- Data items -
|---|

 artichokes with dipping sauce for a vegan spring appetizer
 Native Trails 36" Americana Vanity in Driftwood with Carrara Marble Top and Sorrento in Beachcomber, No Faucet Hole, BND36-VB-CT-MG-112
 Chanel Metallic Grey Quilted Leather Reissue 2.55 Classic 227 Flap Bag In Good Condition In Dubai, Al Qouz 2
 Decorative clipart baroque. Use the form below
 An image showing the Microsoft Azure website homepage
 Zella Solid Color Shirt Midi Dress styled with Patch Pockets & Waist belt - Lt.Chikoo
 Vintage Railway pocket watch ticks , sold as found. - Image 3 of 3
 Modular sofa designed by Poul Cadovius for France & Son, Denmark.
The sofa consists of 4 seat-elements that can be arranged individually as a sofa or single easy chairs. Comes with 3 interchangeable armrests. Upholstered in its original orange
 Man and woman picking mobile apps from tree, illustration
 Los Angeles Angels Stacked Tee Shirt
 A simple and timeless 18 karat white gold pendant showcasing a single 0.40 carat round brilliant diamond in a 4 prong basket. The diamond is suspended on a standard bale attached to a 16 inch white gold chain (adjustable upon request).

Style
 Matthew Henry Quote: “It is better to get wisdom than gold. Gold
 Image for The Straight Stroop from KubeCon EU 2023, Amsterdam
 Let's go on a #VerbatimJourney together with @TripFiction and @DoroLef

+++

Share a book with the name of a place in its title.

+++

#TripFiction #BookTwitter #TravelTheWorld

|---|

- WHAT IS BEING ASKED -
Where a line above contains the word "Shirt", copy that line.

- TASK SOLUTION -
 Zella Solid Color Shirt Midi Dress styled with Patch Pockets & Waist belt - Lt.Chikoo
 Los Angeles Angels Stacked Tee Shirt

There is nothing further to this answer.